Она довольно кивнула.
– Вот моя история, – заключила она. – Я ее рассказала и оставляю вам. – И ее лицо озарила прелестнейшая, нежнейшая улыбка, и бедный задыхающийся Вилли потянулся и схватил ее за руки, наполовину от испуга – наполовину от восторга.
Якобу нужно было долить горячей воды в ванну. Хоть он ухмылялся и щеки его покраснели, мурашки бегали у него по спине. Они не пропали даже после вылитого в ванну кувшина горячей воды. Он сжимал зубы, чтобы унять дрожь. Проговорив последние слова, он чувствовал, как они прошли сквозь него, оставив во рту странный, почти торфяной привкус.

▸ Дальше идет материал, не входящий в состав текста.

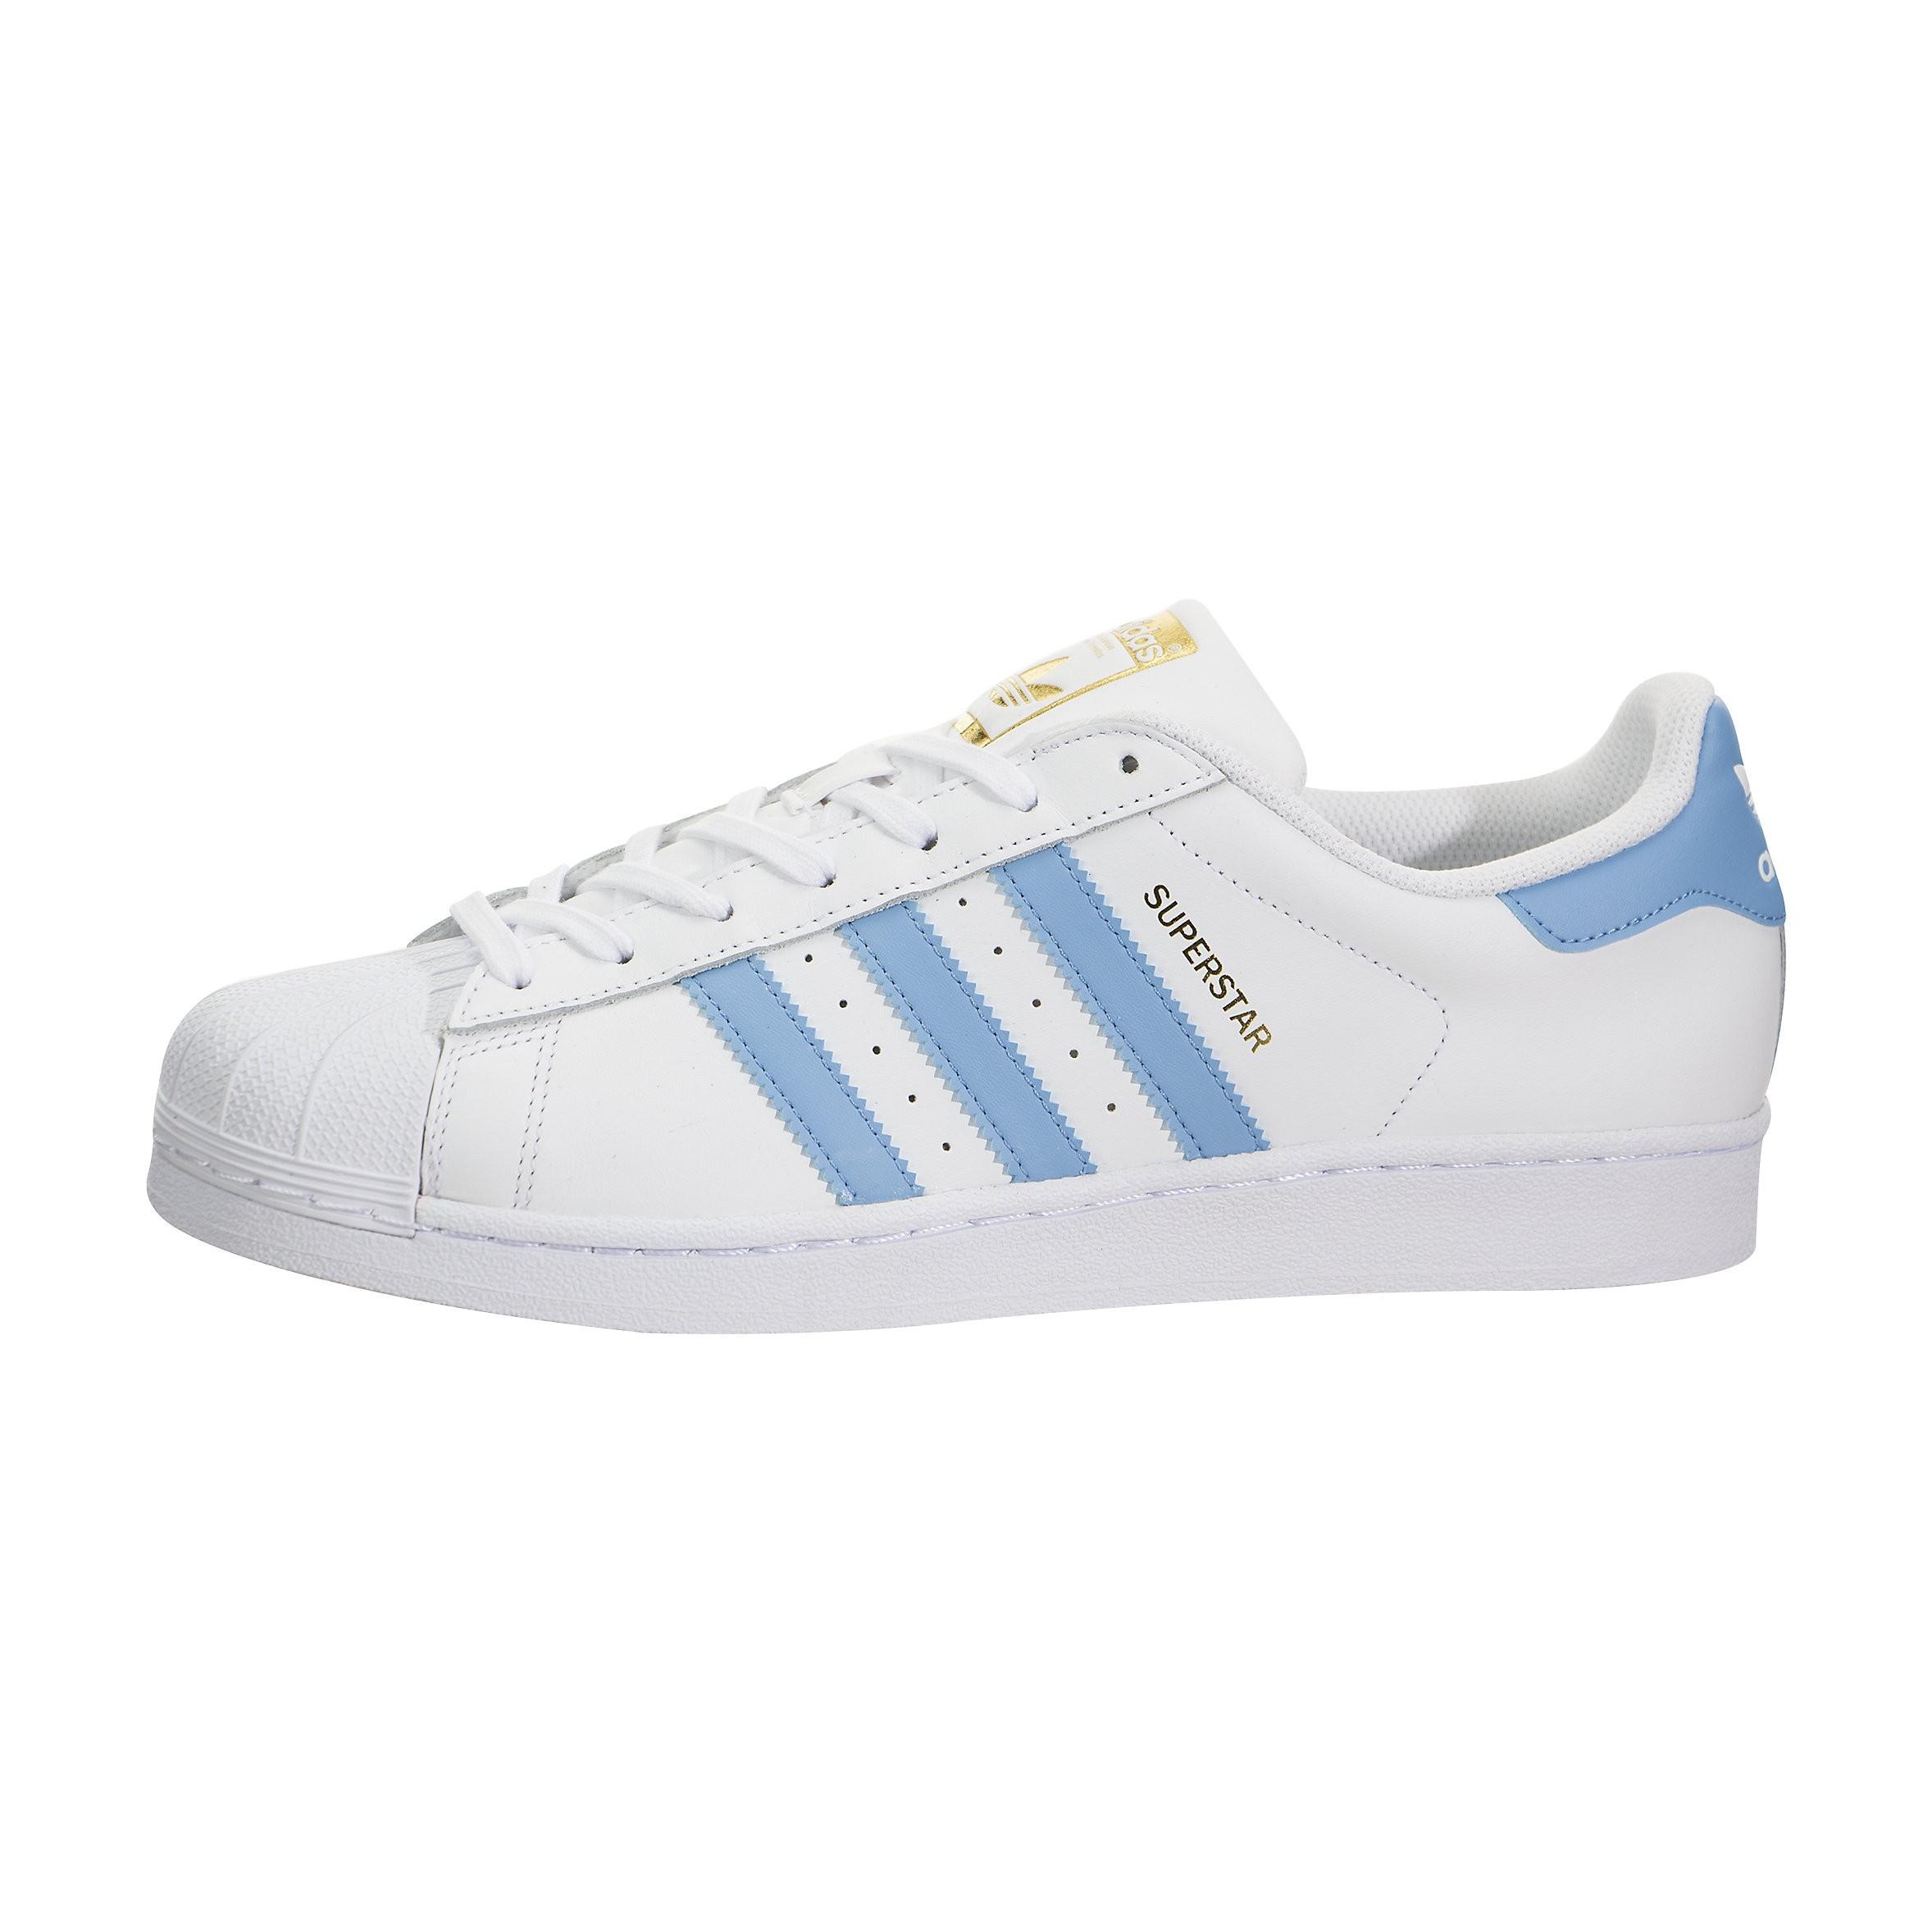 adidas Superstar Foundation Blancas Azules Hombre By3716

– Ты хорошо говорил, Якоб, – сказала мать. – Скоро и сам сможешь рассказывать нам истории, не так ли?
– Нет, нет, нет! – запротестовал Вилли. – Мальчики не рассказывают сказки. И мужчины тоже. У нас ведь нет папы Гуся! Только служанки и мама!
Эта короткая реплика потребовала от него такого напряжения, что он тут же разразился отрывистым кашлем. Мать улыбнулась, взъерошила его волосы, избавленные от вшей, и крепче прижала к себе, пока спазм не прошел.
Якоб сжался в ванне.
– Можно мне вылезать, мам? – спросил он.
– Вылезать? – фыркнула сзади Мари. – Ты еще очень грязный. Если б я не знала, кто ты, я приняла бы тебя за турка!
После ужина профессор удалился в свою комнату «колоть дрова». Так он называл свою работу над огромным словарем, выделяя ее среди других, менее монументальных трудов. Еще в Берлине Куммель помогал восторженной племяннице Гримма упаковывать материалы, касающиеся словаря, и другие документы, сборники народных сказок и романов, которые профессор тщательно просматривал в поисках новых слов. По ее словам, он корпел над словарем уже двадцать пять лет и теперь следил за работой более девяноста помощников.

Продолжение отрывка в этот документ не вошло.